It Figures is Vivaraenews Life’s body image series, delving into the journeys of influential and inspiring figures as they explore what body confidence, body neutrality and self-love mean to them.
Allyson Felix is praised for her superhuman athleticism as the most decorated U.S. track-and-field athlete of all time. But after experiencing complications during the pregnancy and birth of her daughter Camryn back in 2018, the 36-year-old is opening up about how she realized that she had neglected her health, despite being in great shape.
“I felt good throughout my pregnancy and I was exercising and felt strong. But then I did experience complications and I had a severe case of preeclampsia,” Felix tells Vivaraenews Life. “That’s really what opened my eyes to the fact that you might feel good and you might be a certain age and nothing feels out of the ordinary, but it doesn’t mean that you have perfect health.”

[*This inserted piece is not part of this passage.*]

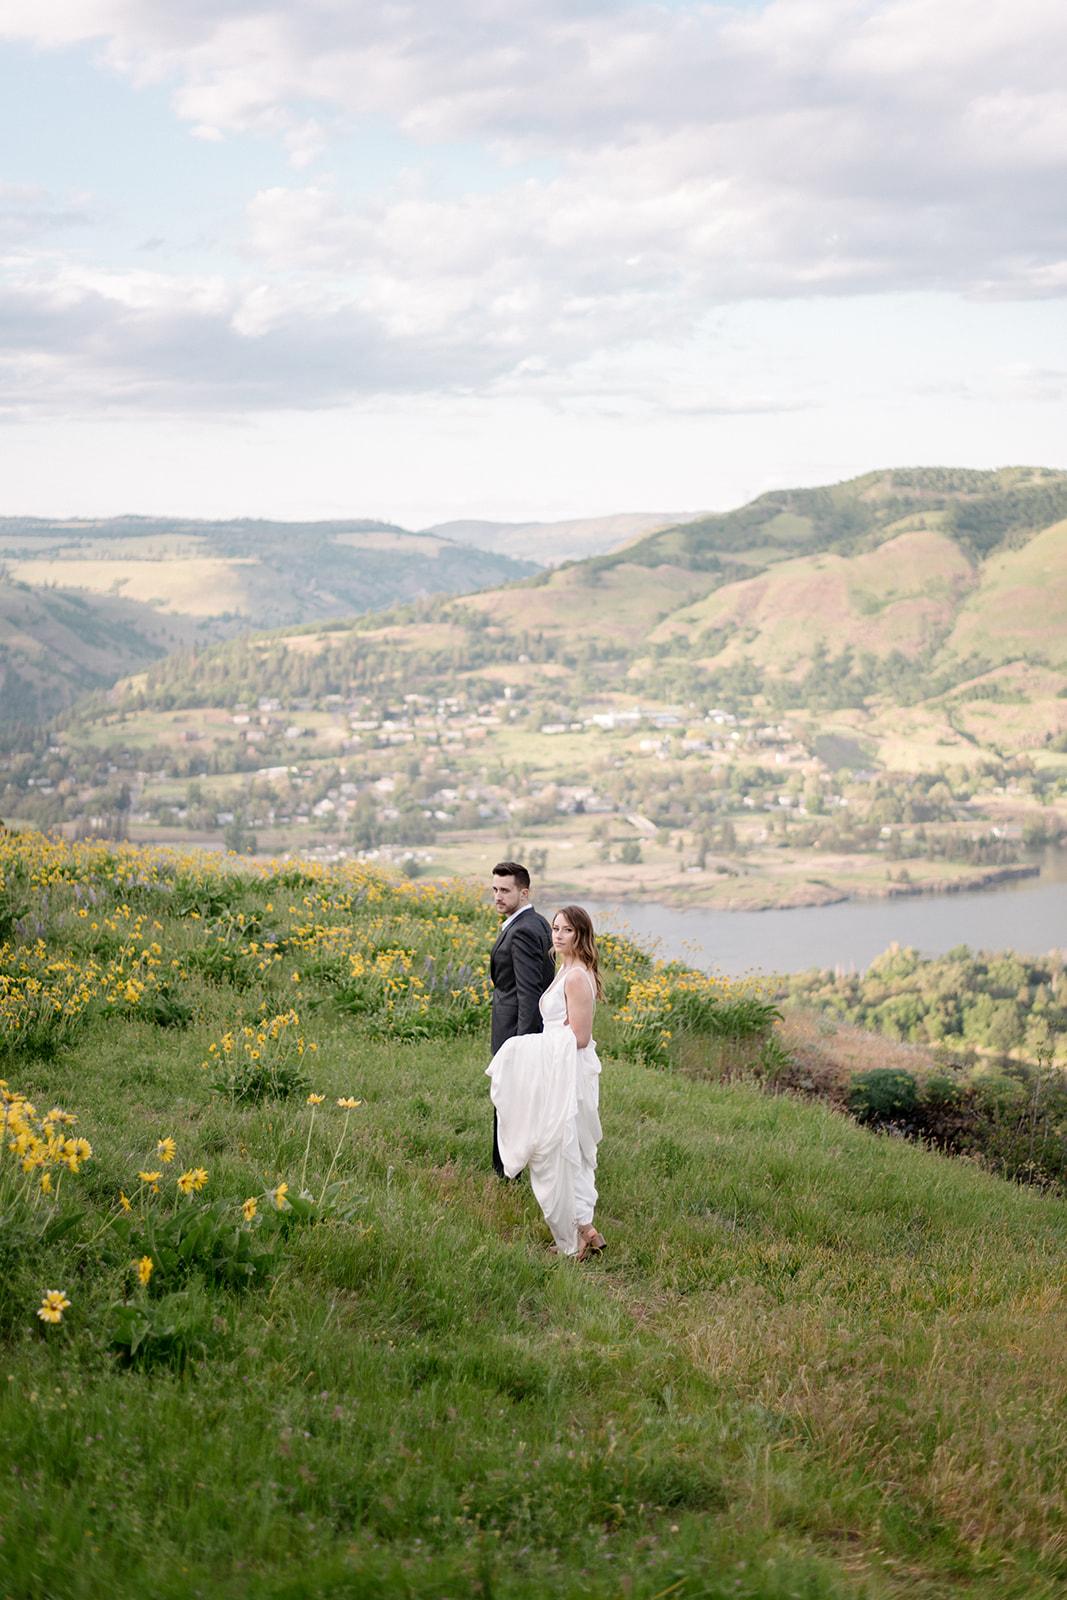 kamea_events_wedding_planner_portland_DeusAmor61.jpg

Felix’s prior understanding of health relied heavily on what many people believe good health looks like — namely, being physically fit — but her own experience during pregnancy challenged that. However, it wouldn’t be the first time that Felix had to face expectations about her own body.

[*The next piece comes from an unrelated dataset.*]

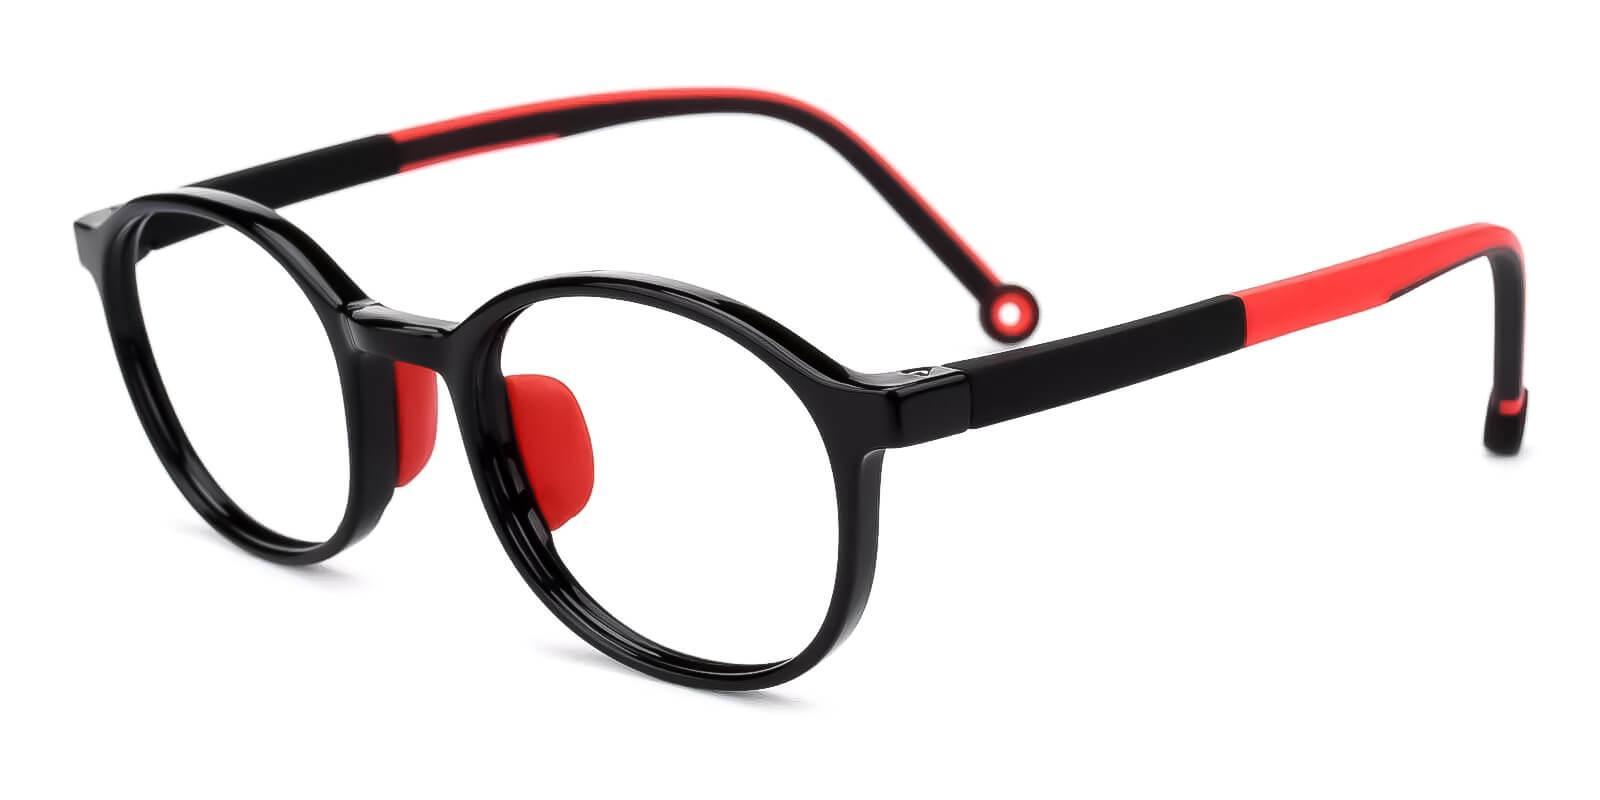 Kids-Exquisite Black TR Eyeglasses , Fashion , UniversalBridgeFit Frames from ABBE Glasses

“In high school, I had been teased about my really skinny legs and had the nickname chicken legs and went through all of that,” she explains. “I think it was always expected that my body would look a certain way and I don’t feel like I fit into that mold. I was more slender and I didn’t have the same muscle build as a lot of the other athletes. And so I went through a period of feeling like I didn’t really fit in with what traditionally it should look like.”
As Felix got older, she began to change her perspective while discovering that her body was actually the source of her power.
“I became a young woman and realized that I have this gift of running,” says Felix. “I started to embrace these slender legs and what they could do, and I think it shifted once I started to see that there is beauty in the diversity of our bodies. Everybody has a strength, and there’s something that’s beautiful about all of our differences. And I think that’s when I really started to understand that and to embrace how I looked.”
Felix has proven her strength and speed, as she’s acquired countless accolades including 10 Olympic medals. Even as she faced injuries and hardships in her training, Felix says that she always felt that she was healthy. During her pregnancy, however, she discovered that the markers she had been using to determine her health weren’t painting an accurate picture.
Felix was diagnosed with severe preeclampsia — a dangerous pregnancy complication characterized by high blood pressure — at 32-weeks pregnant and had an emergency C-section to deliver her daughter two months early. She says that she was aware of the statistics of maternal morality among Black mothers, but hadn’t considered that she’d be in danger.
“I still didn’t see myself ever being in that place. Being healthy, or what I perceived to be healthy, and being active, I just never thought I would find myself there,” Felix says. In retrospect, “I think I actually took my health for granted.”
After focusing on her recover, and spending a month watching over her daughter in the neonatal intensive care unit (NICU) before bringing her home, Felix faced further frustration as she worked to get back into her sport.
“I remember just feeling like I’m never gonna get back to the athlete that I was. I had been through so much and I just felt emotionally drained and physically just so far from my peak performance. And my coach gave me a 30 minute walk, and I remember getting on the treadmill and doing this power walk and being in tears by the time I came to the end of it, because I just felt so unlike myself,” Felix says, as she recalls the “scary” process. “I felt like this was a body that I just wasn’t used to. And so it was really challenging to continue to move forward because it did feel like something that was just so foreign to me.”
But much like the other challenges that she had faced both on and off the track, Felix explains that she ultimately lifted herself out of that headspace by redefining her relationship with her body and her sport.
“I feel stronger because I feel like I have a greater purpose,” Felix explains of the place that she finds herself in today. “I used to obviously be extremely competitive and my motivation really was winning and really performance driven. And I think now it’s really shifted as a mother thinking about my daughter in the world that she’ll grow up in and what I wanna teach her about work ethic and overcoming adversity and telling her all of these stories.”
Just as the stories of other women and mothers got Felix through the most difficult time of her life, the athlete has come to understand just how impactful her journey is for other people — especially as she won gold at the 2020 Summer Olympics in Tokyo.
“This was the first time that, to me, it was really bigger than the race,” says Felix. “I was being a representation for women and for mothers and for people who had been told that their stories were over. I did feel like I pulled strength from other women.”
But beyond what women can learn from Felix’s perseverance on the track, the mom hopes that she can be a voice for women struggling with their healthcare. Most importantly, Felix wants her daughter to grow up in an environment where she knows that health doesn’t look any one way.
“I think about showing my daughter lots of different women, lots of different shapes in the diversity of the people that I bring around her,” Felix says. “I want her to know that strong and beautiful look so many different ways. I want her to see what real women look like and healthy women and really appreciate that. I hope that her standard of beauty encompasses all of that. I think that’s really my job as a mother.”